▸ WHAT THIS TASK INVOLVES
Copy each line below word for word and drop every image.

▸ COLLECTED MATERIAL
>>>>>

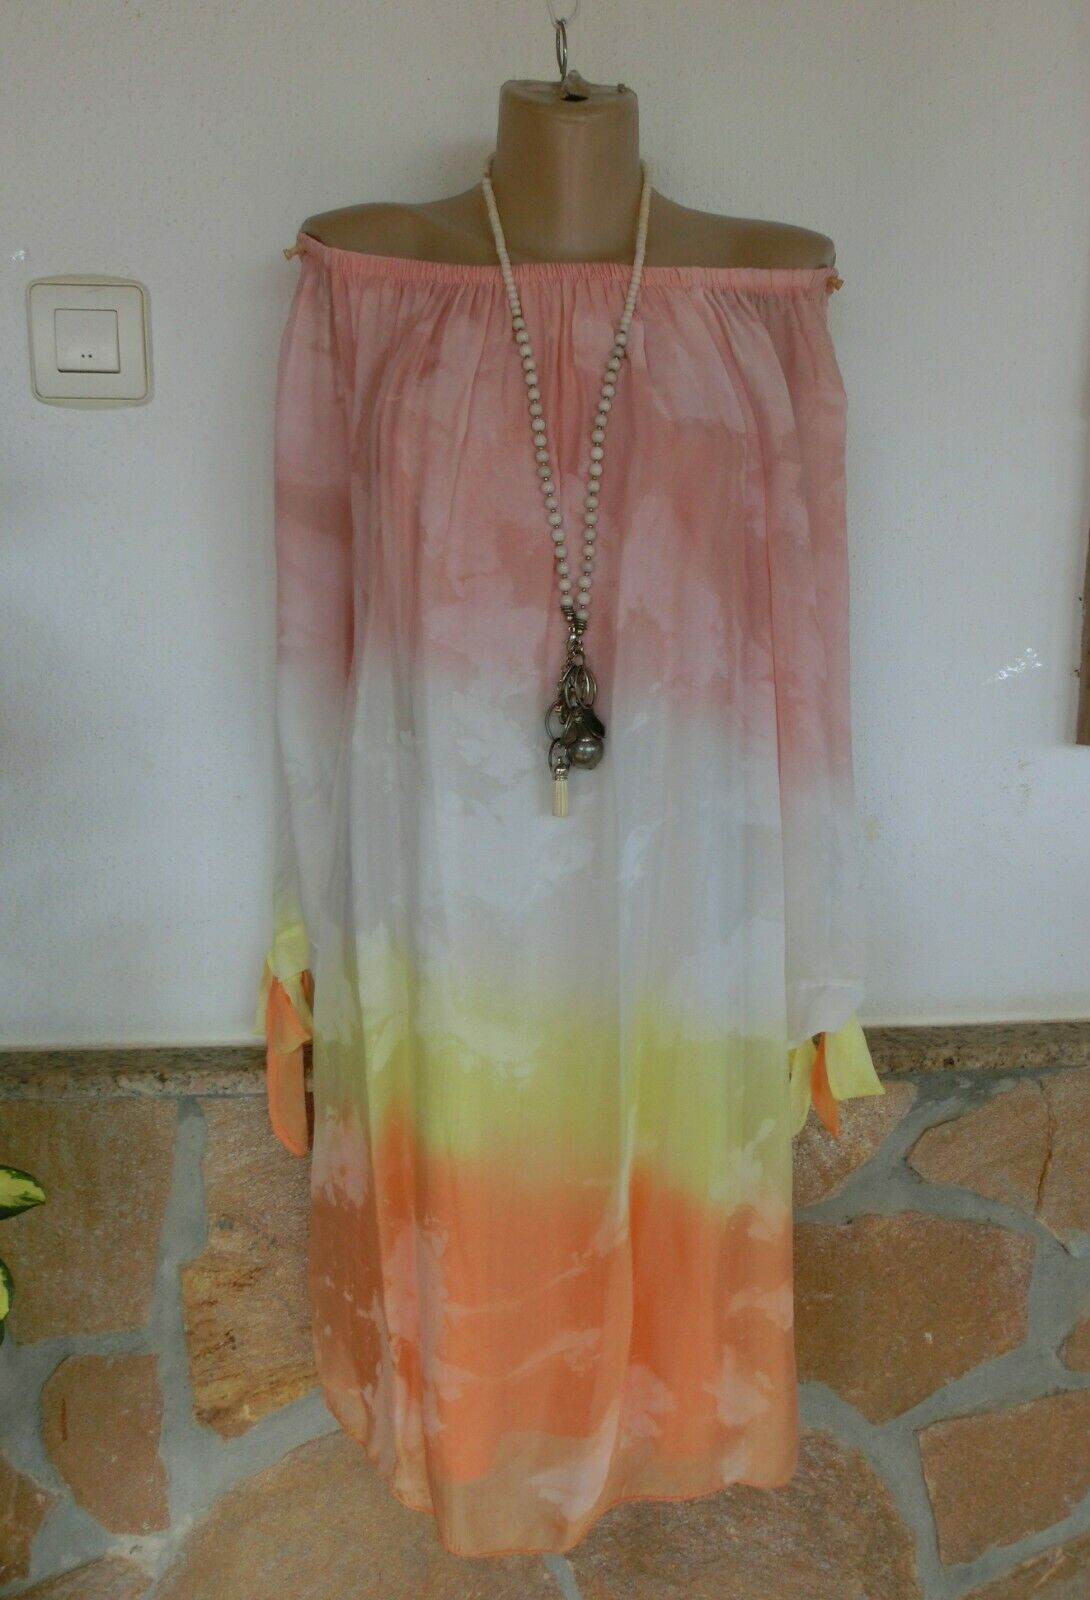 Kleid Hängerchen Elisa Romantik SEIDE BeInn Farbmix 4 Farbig  EG 38-42
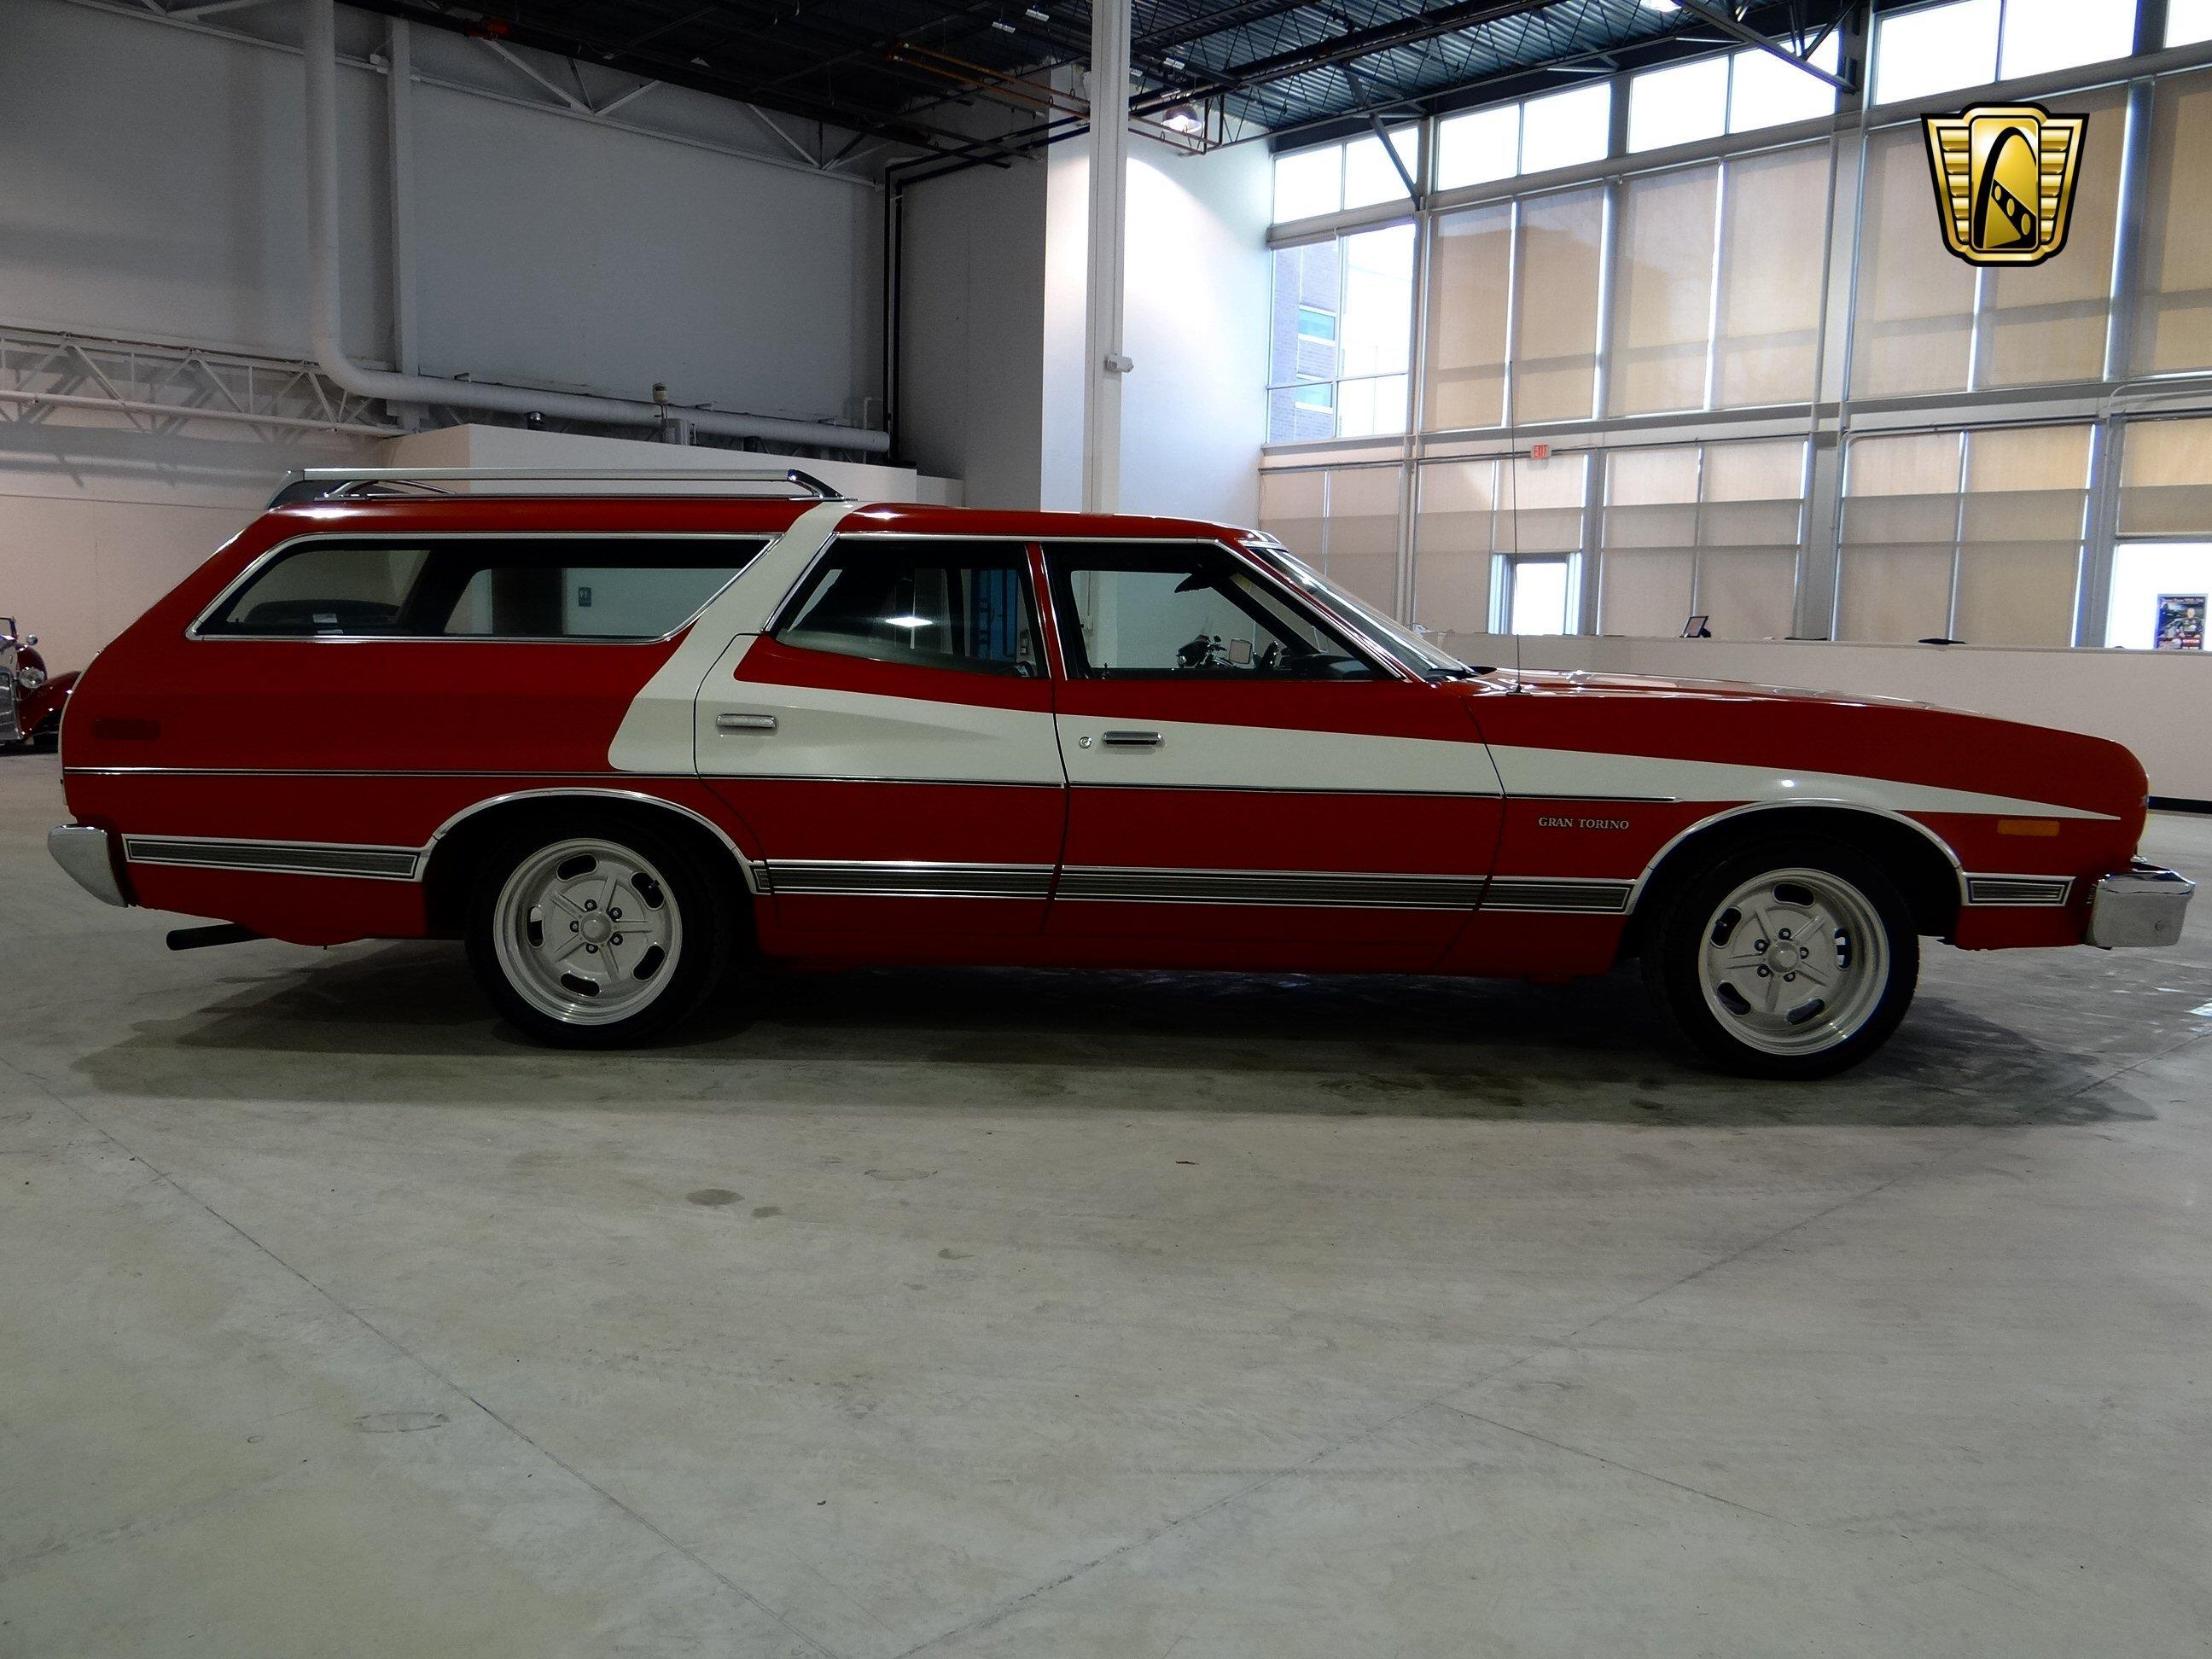 1973 Ford Gran Torino Stationwagon Muscle Classic Hot Rod
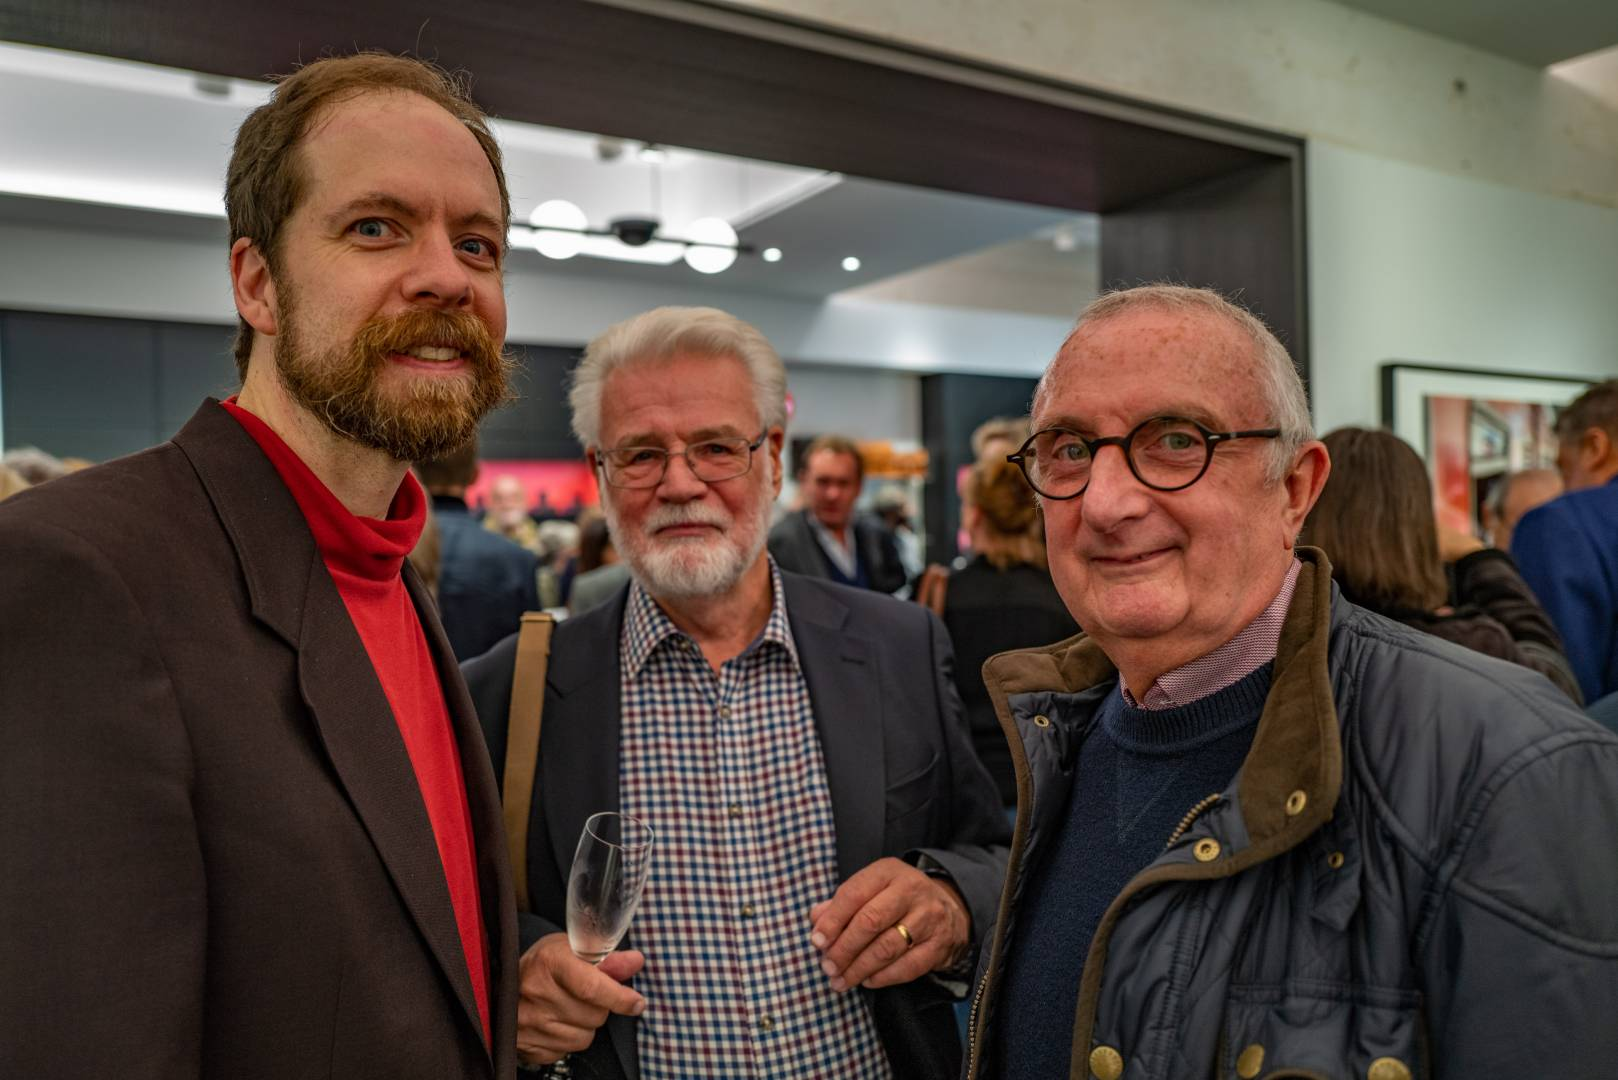 Dan Bachmann, Tony Cole and Tom Lane, all Leica Society members

<<<<<

▸ WRITTEN RESPONSE
 Kleid Hängerchen Elisa Romantik SEIDE BeInn Farbmix 4 Farbig  EG 38-42
 1973 Ford Gran Torino Stationwagon Muscle Classic Hot Rod
 Dan Bachmann, Tony Cole and Tom Lane, all Leica Society members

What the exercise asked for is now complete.